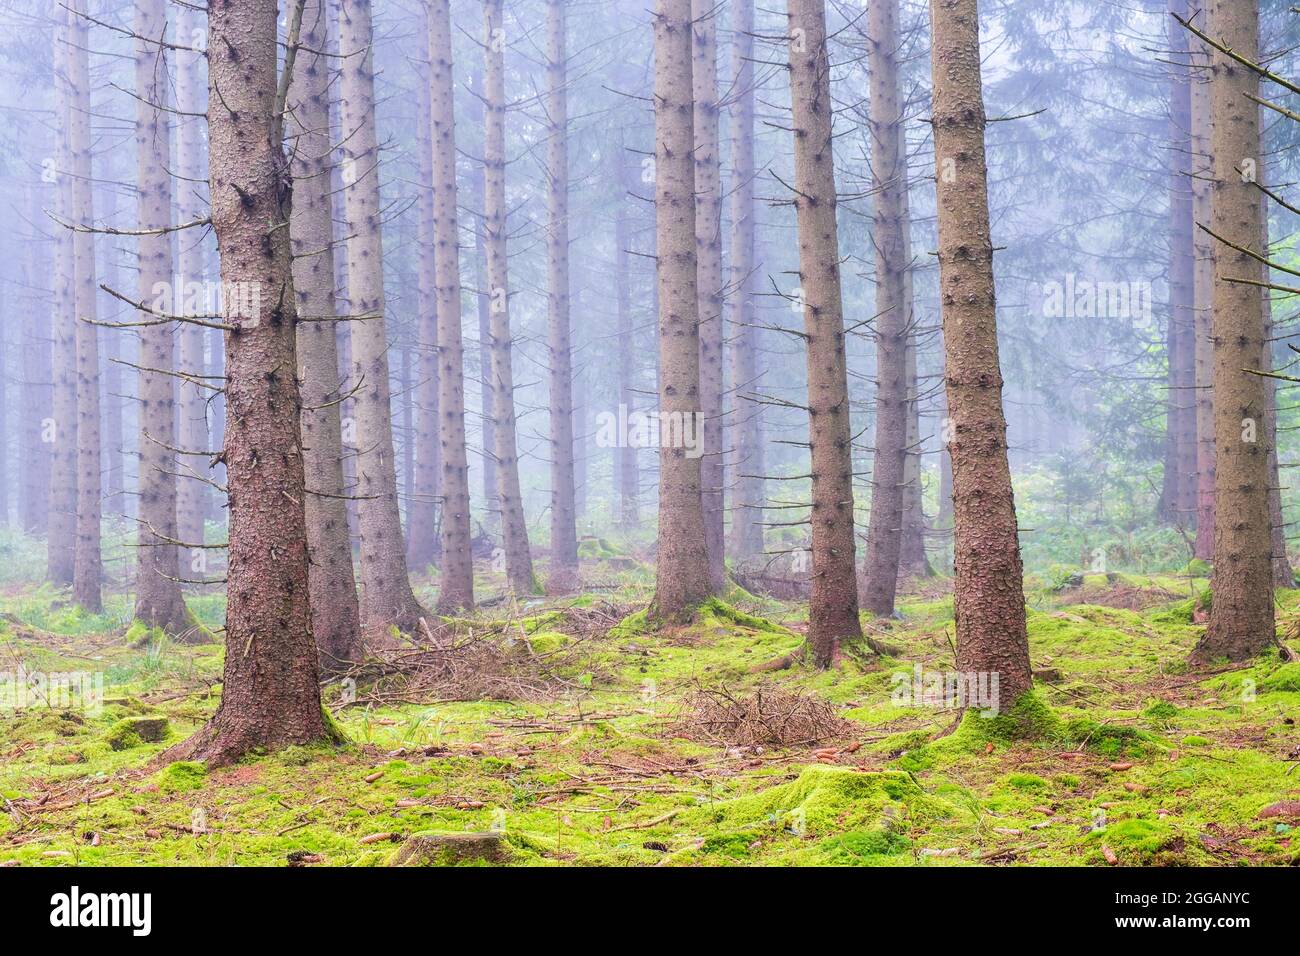 Bosque de abetos con musgo en el suelo del bosque y niebla Foto de stock
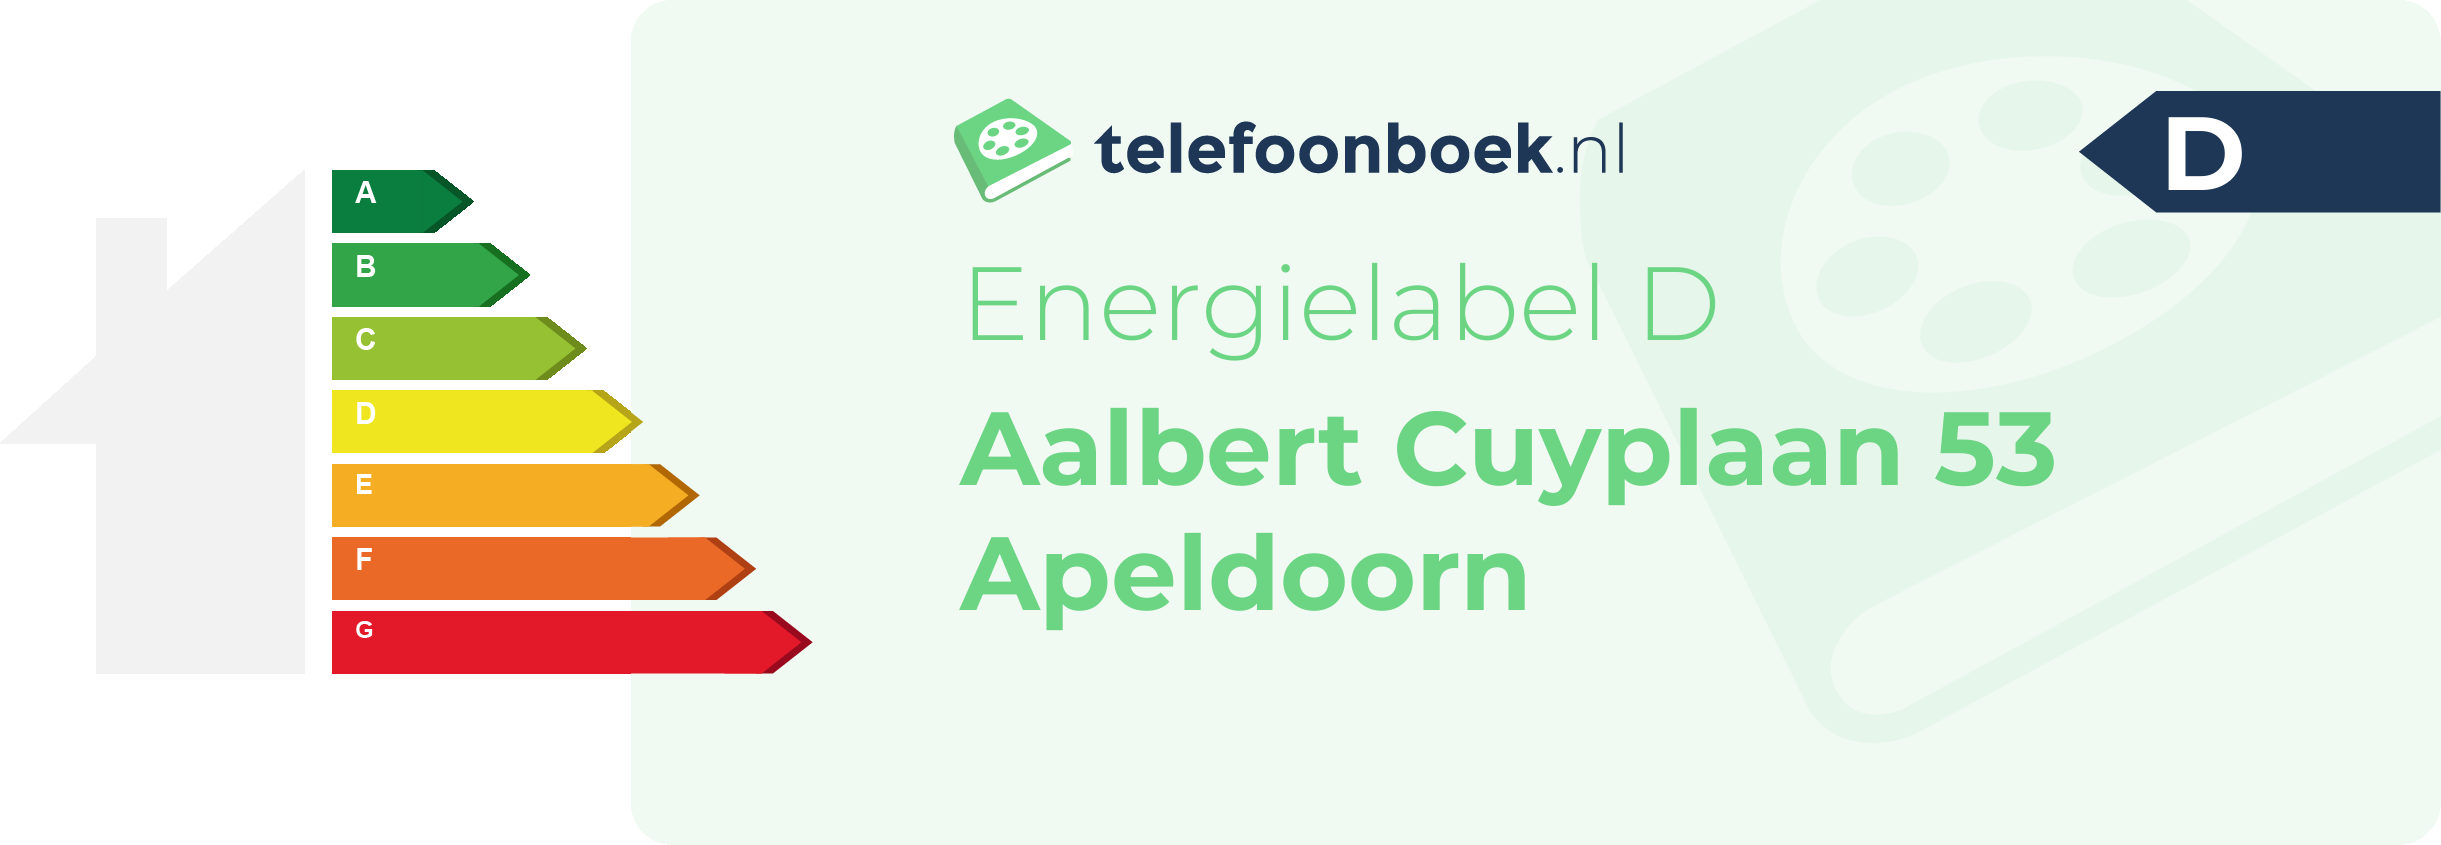 Energielabel Aalbert Cuyplaan 53 Apeldoorn
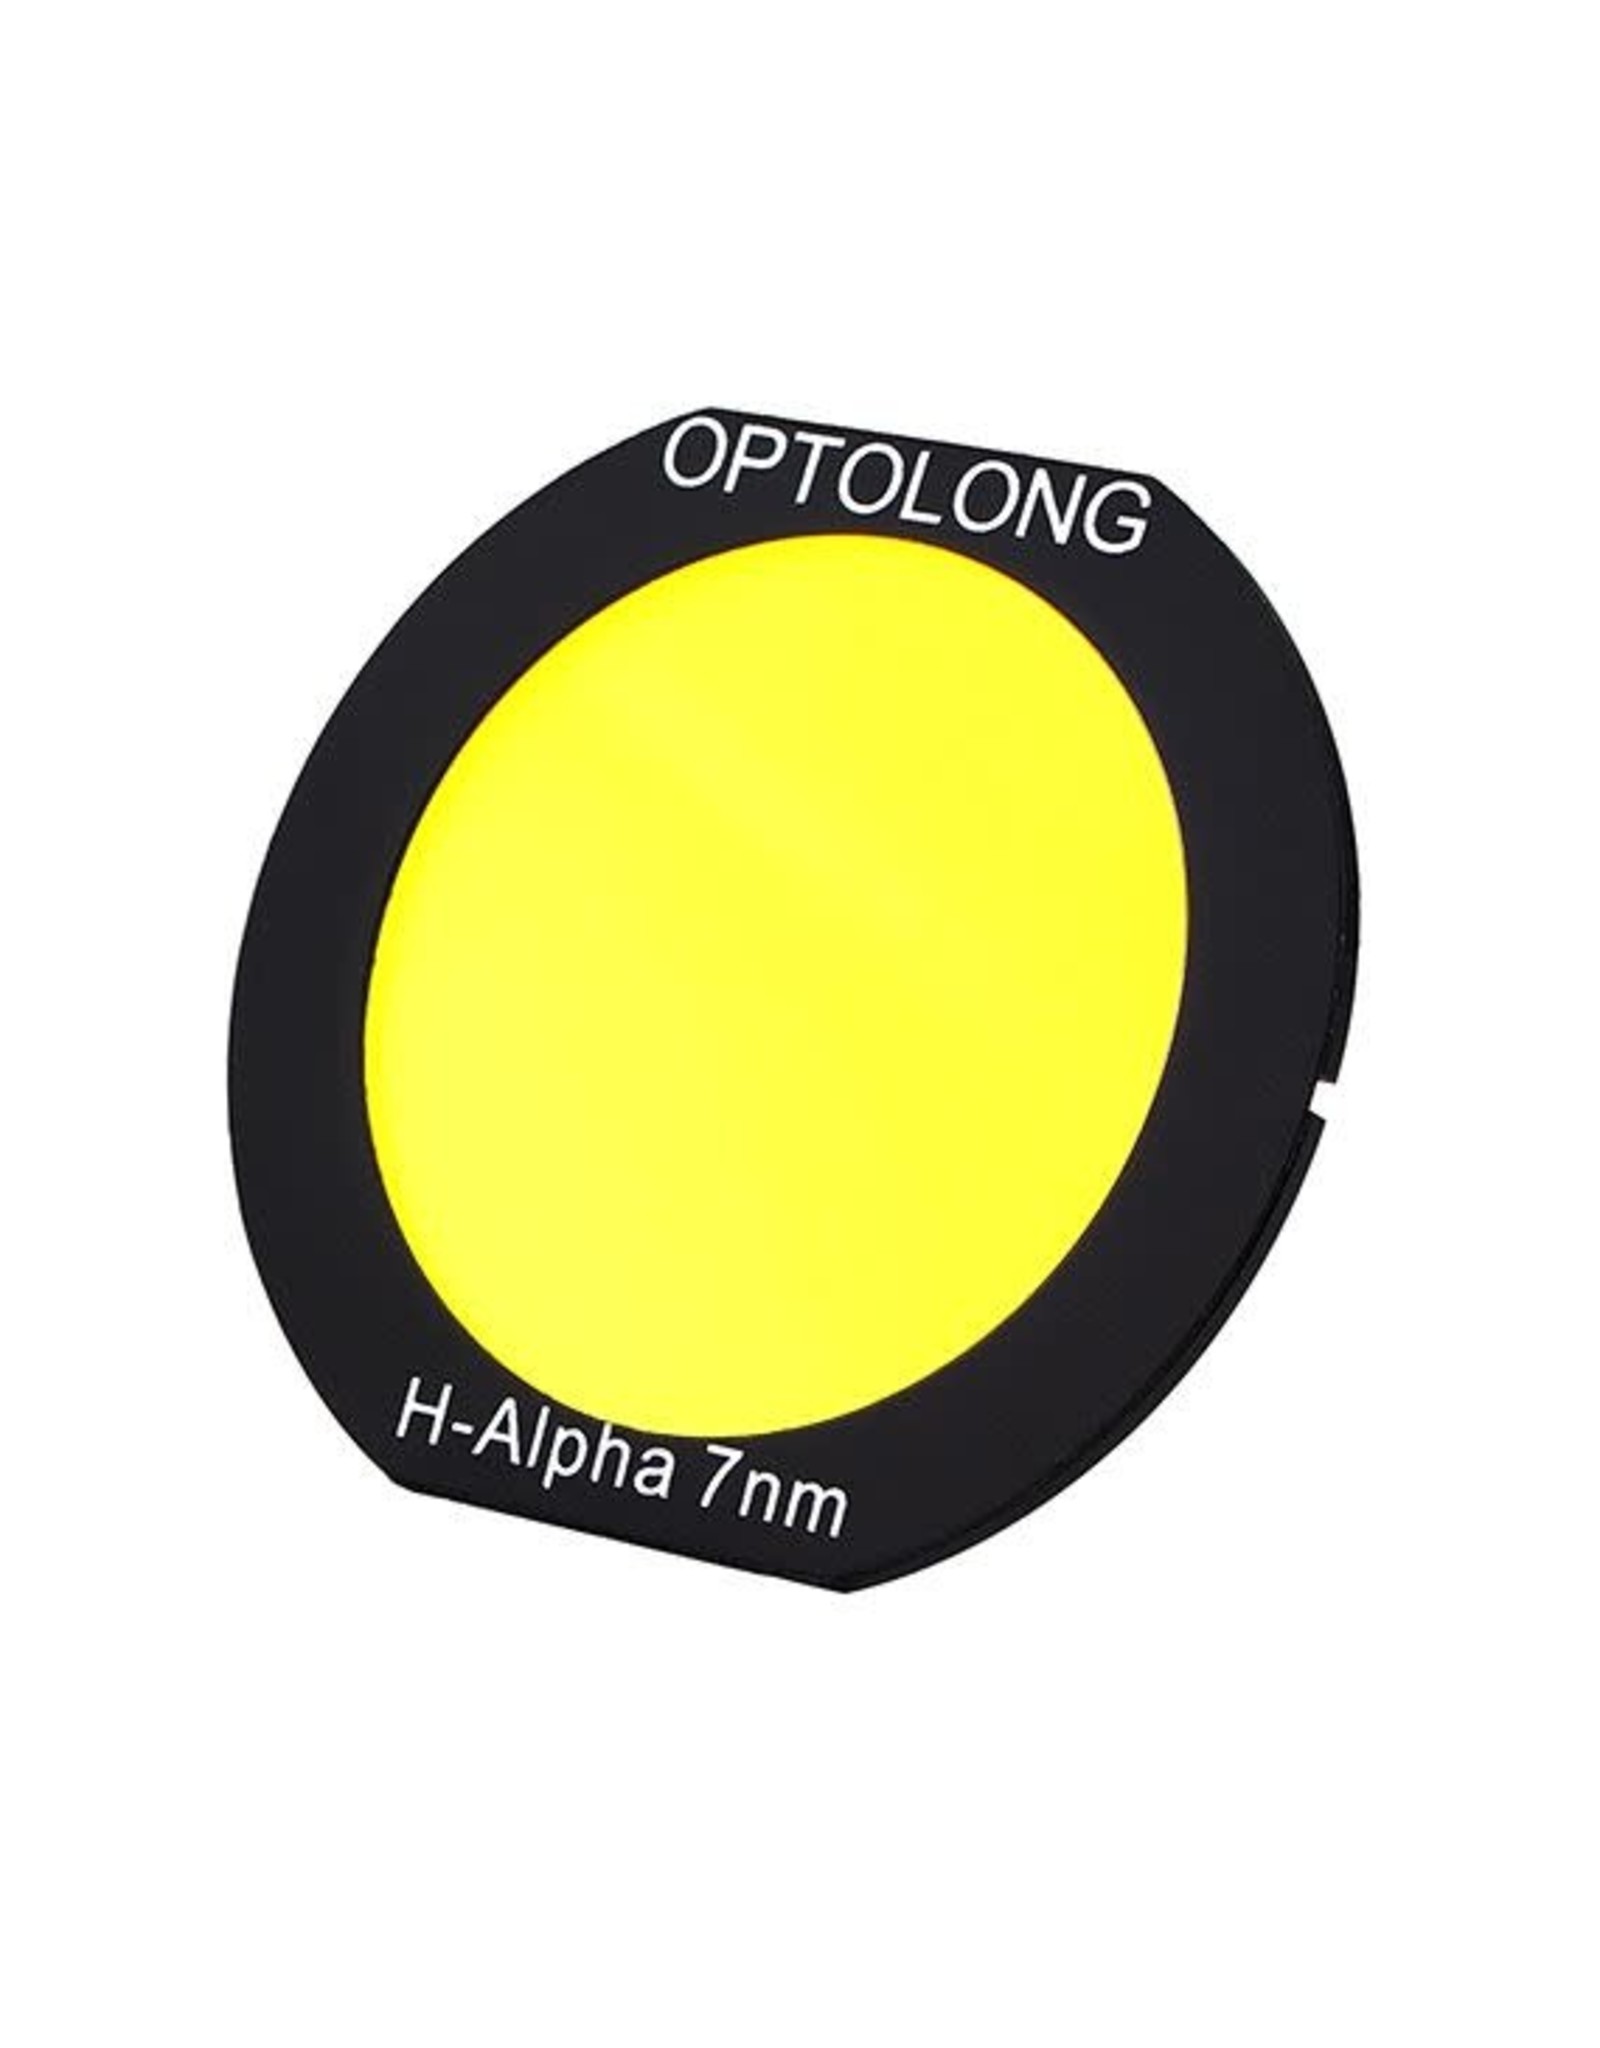 Optolong Optolong H Alpha 7nm EOS Clip Filter #11305

### Task objective
Where the line containing "Energielabel Aalbert Cuyplaan 53 Apeldoorn" appears above, start there and set down each line exactly through the last line of the data; leave out every picture.

### Answer to the exercise
 Energielabel Aalbert Cuyplaan 53 Apeldoorn
 Optolong Optolong H Alpha 7nm EOS Clip Filter #11305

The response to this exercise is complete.